I promised in an earlier post that I would look again at Kevin Rafter’s recent report on Political Advertising: The Regulatory Position & the Public View (here), the research for which was funded under the Broadcasting Authority of Ireland’s Media Research Scheme.
In Ireland, political advertising is banned in the broadcast media, but there are no similar restrictions upon the non-broadcast media, such the press, billboards, and so on, though a system of party political broadcasts during election and referendum campaigns is intended to mitigate the harshness of the broadcast advertising ban.
This distinction between broadcast and print media is often justified by the particular power of the broadcast medium. However, a local ban takes little account of developments in broadcasting (cable, satellite and digital channels) and telecommunications (the internet, mobile devices), and radio and television have nothing like the reach and impact that they had even a generation ago.
The main justification for the broadcasting ban lies in the fear that signficant resources would unfairly distort the political marketplace in favour of larger parties and major candidates with deep pockets and against the interests of smaller parties and minor candidates lacking in similar resources. As Barrington J put it in the Supreme Court put it Murphy v IRTC  1 IR 26, the Oireachtas is entitled to consider that “in relation to matters of such sensitivity, rich men should not be able to buy access to the airwaves to the detriment of their poorer rivals”. However, this concern is easy to overstate: as a reason for a restriction upon speech, it may justify regulations – even strict regulations – controlling political advertising, but it hardly supports an outright ban. It is unsurprising therefore that twocases in the European Court of Human Rights and another in the High Court of Australia have struck down such bans as incompatible with freedom of expression.
This is the background to Rafter’s report. He looks at political advertising regimes in many other jurisdictions, spaning a spectrum from the UK (whose regime is similar to ours in Ireland), through various intermediate positions in other European coutries (in increasing order of liberalisation: France, Germany, the Baltic states, the Scandanvian states) to the US (where, for free speech reasons, there is no regulation of political advertising, and only partial tolerance of campaign finance regulation). This is summarized in an interesting table (on p13) locating Ireland in a list of 29 countries.
Rafter then examines some of the controversial applications of the ban, including the banning of an advertisments by – an anti-abortion campaign group (a ban which the High Court upheld), the publishers of the autobiography of a controversial politician, a group promoting an anti-war concert, a national agency pressing for legislative change to benefit consumers, and a charity campaigning against gender inequality in third world. He concludes that the “implementation of the legislative ban on political advertising in Ireland has resulted in a lack of equality in the treatment of different groups” (p17 – query: does this raise constitutional equality concerns?).

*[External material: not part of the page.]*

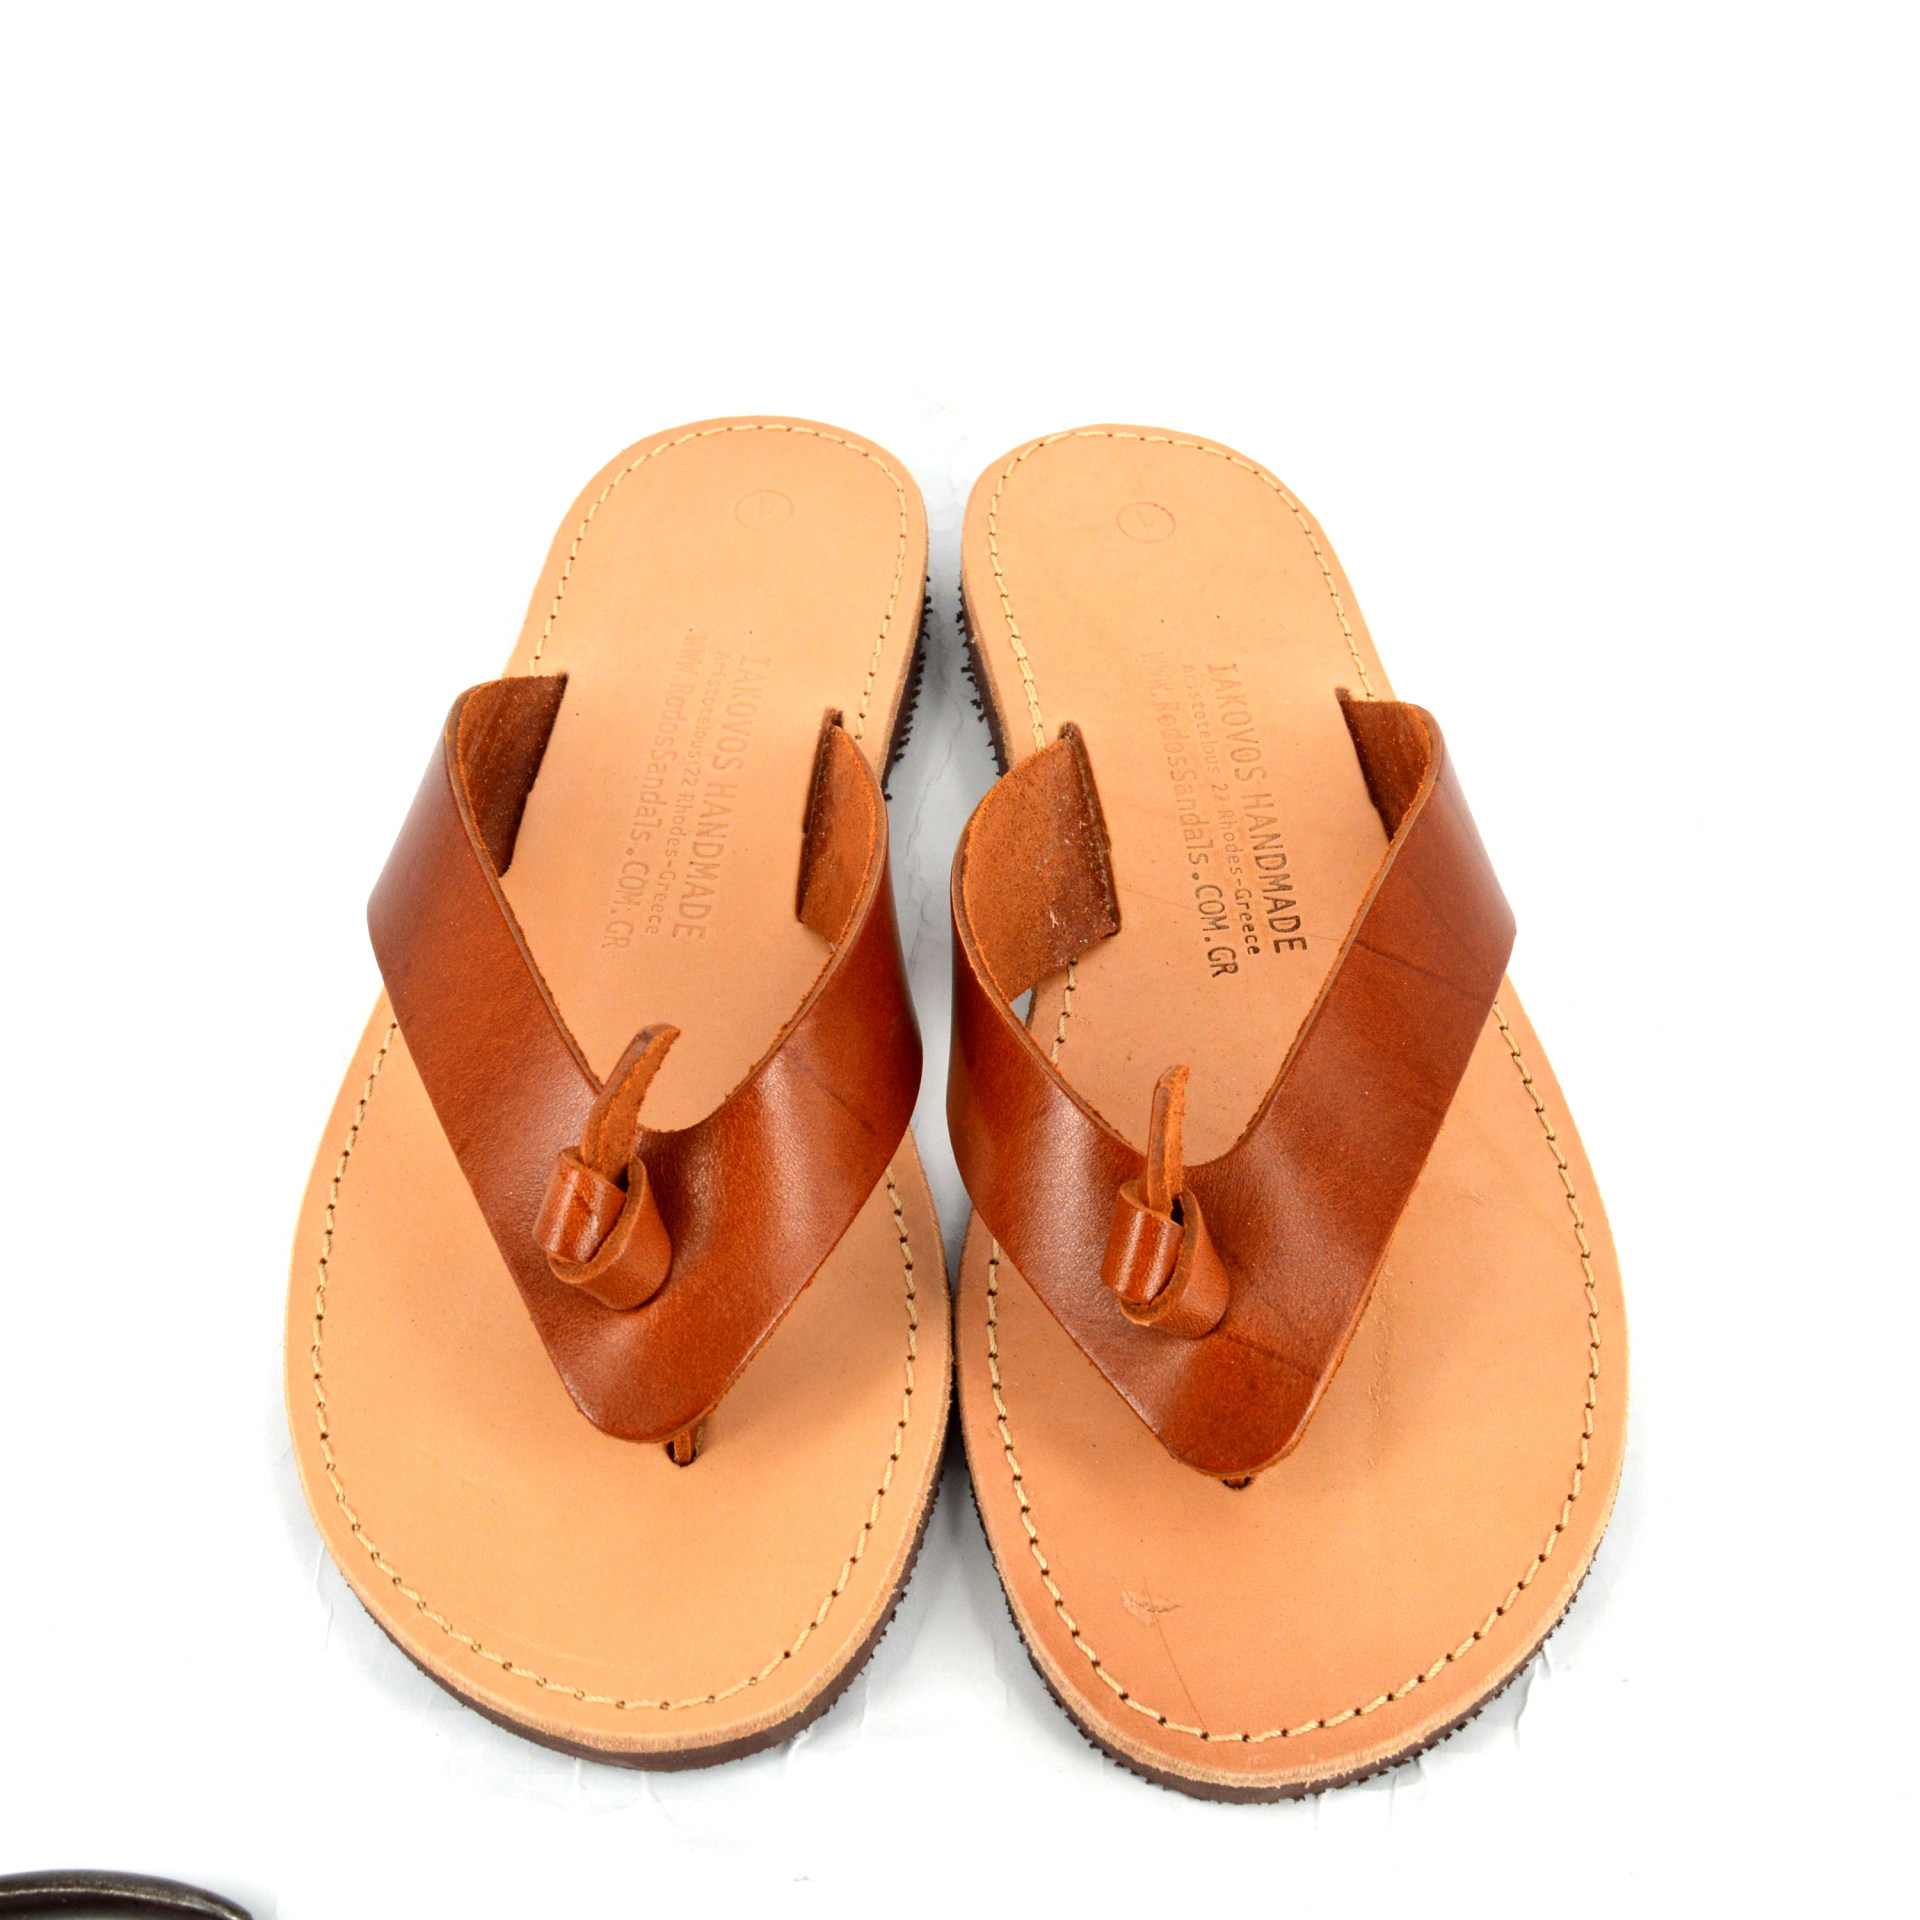 LIDIOS – Rodos Sandals – IAKOVOS Hand Made Sandals

Moreover, comparing these examples with cases in which similar bans have been struck down, he confidently asserts “an increasing body of European Court case law … points to a fundamental problem with the blanket ban on political advertising in the context of the right to freedom of expression in Article 10 of the European Convention on Human Rights” (pp20-21). For what it’s worth, I entirely agree.

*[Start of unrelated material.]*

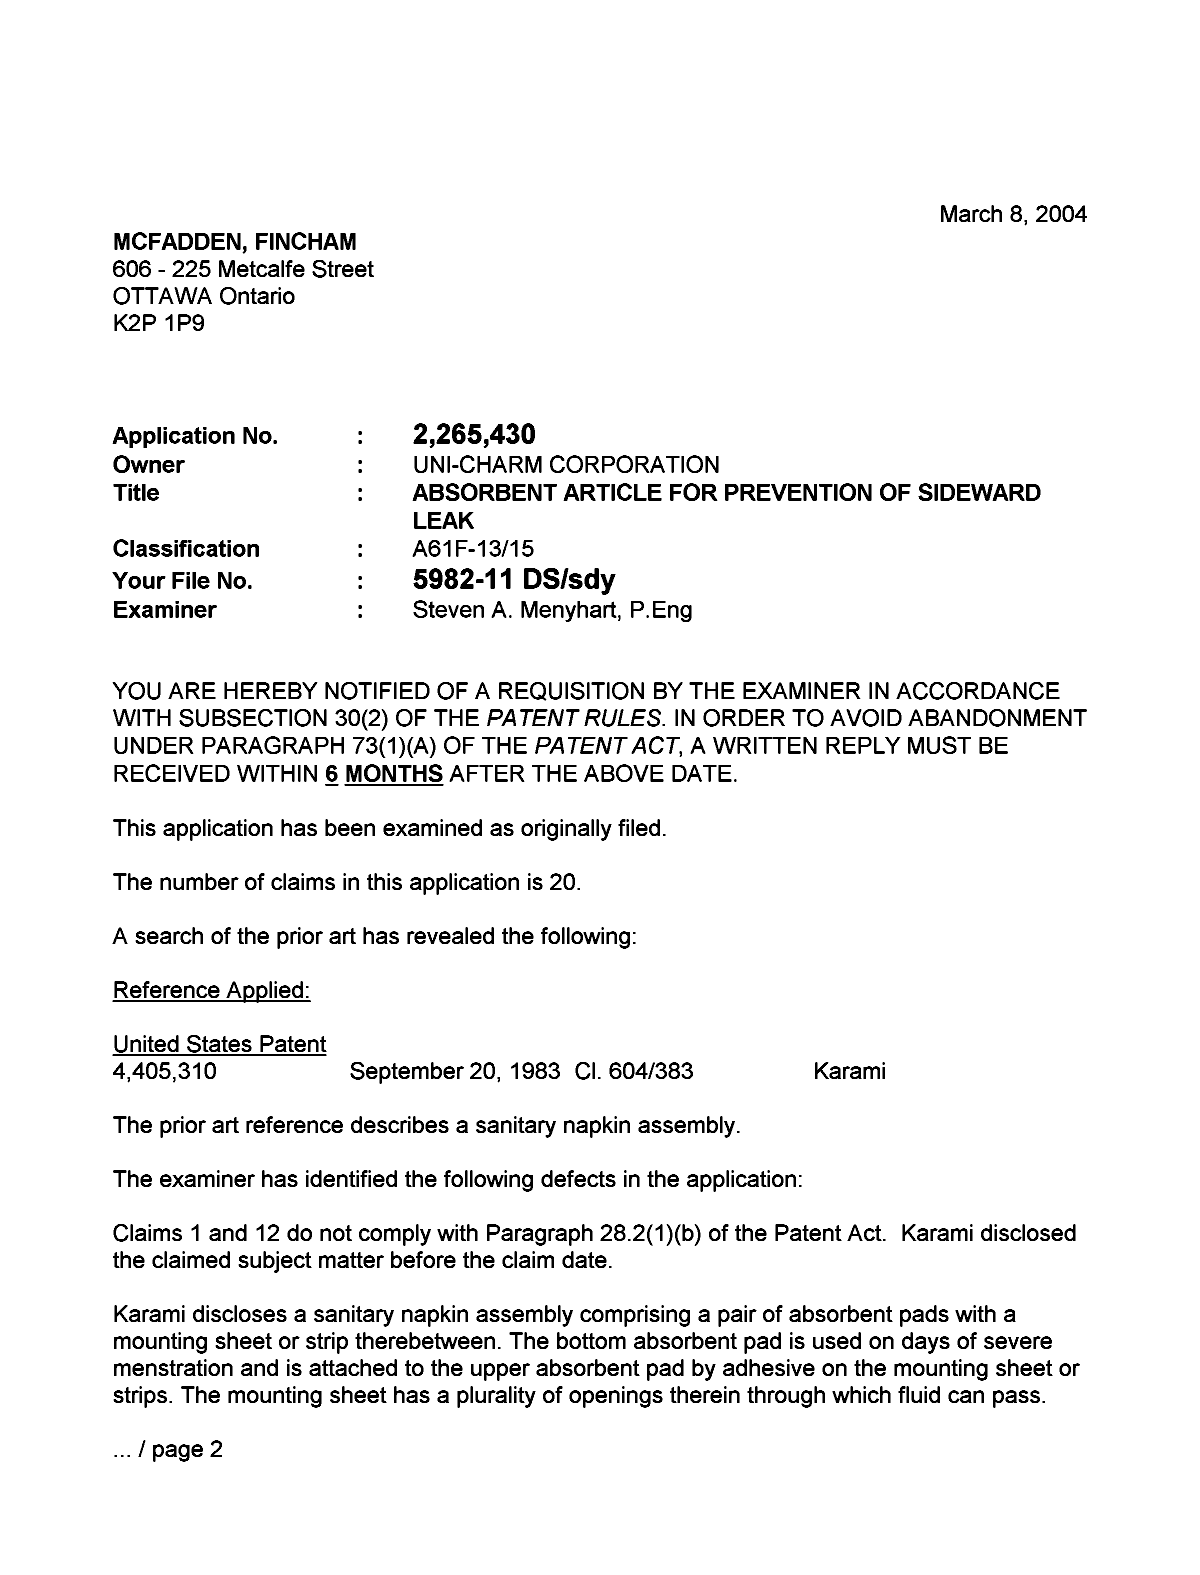 Document de brevet canadien 2265430. Poursuite-Amendment 20040308. Image 1 de 3

As part of the research, Rafter commissioned an opinion poll on the issue, and the results are a very important aspect of the Report. Almost half of respondents opposed changing the current regime; but there was a significant difference in attitude across age categories with younger people more strongly in favour of liberalisation; and people are more open to change if limitations on spending or on the broadcast period accompany any liberalisation. On the other hand, forty percent believed the status quo is an infringement on the freedom of expression of organisations covered by the ban; and there was strong support for the idea that the rules governing party political broadcasts should be determined by an independent body. This is a far from monolithic response, and demonstrates that the current inflexible regime is out of touch with public opinion.

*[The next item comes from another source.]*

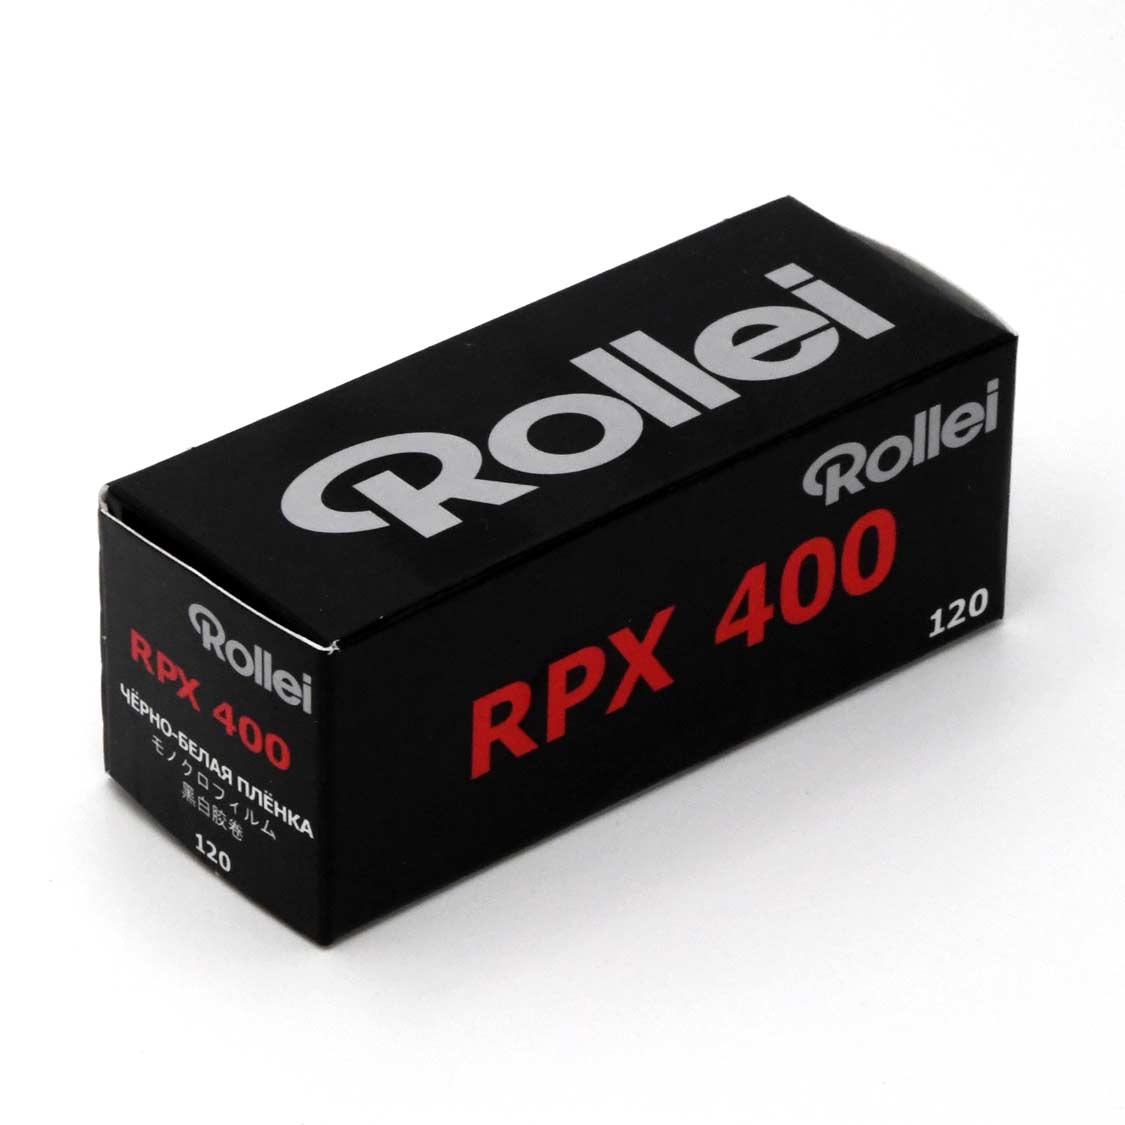 Rollei RPX 400 120 Film

For all of these reasons, Rafter proposes significant changes to the ban on political advertising (as well as to the party political broadcast system). His recommendations include:
Political parties and other groups should be given greater freedom to publicise their policies and agendas on television and radio. This change should be implemented in the context of providing non- political parties with access to political advertising opportunities while expanding the Party Political Broadcast system for registered political parties.
Broadcast advertising by interest groups other than political parties should be permitted outside election and referendum campaigns subject to defined rules …
The public will need reassurance that the system ensures those with access to resources do not disprortionately benefit under a new regime.
This should be done immediately, if not sooner; but I’m not going to hold my breath that this will happen any time soon. And the first Irish paid-for political advertisement is looking more remote by the day.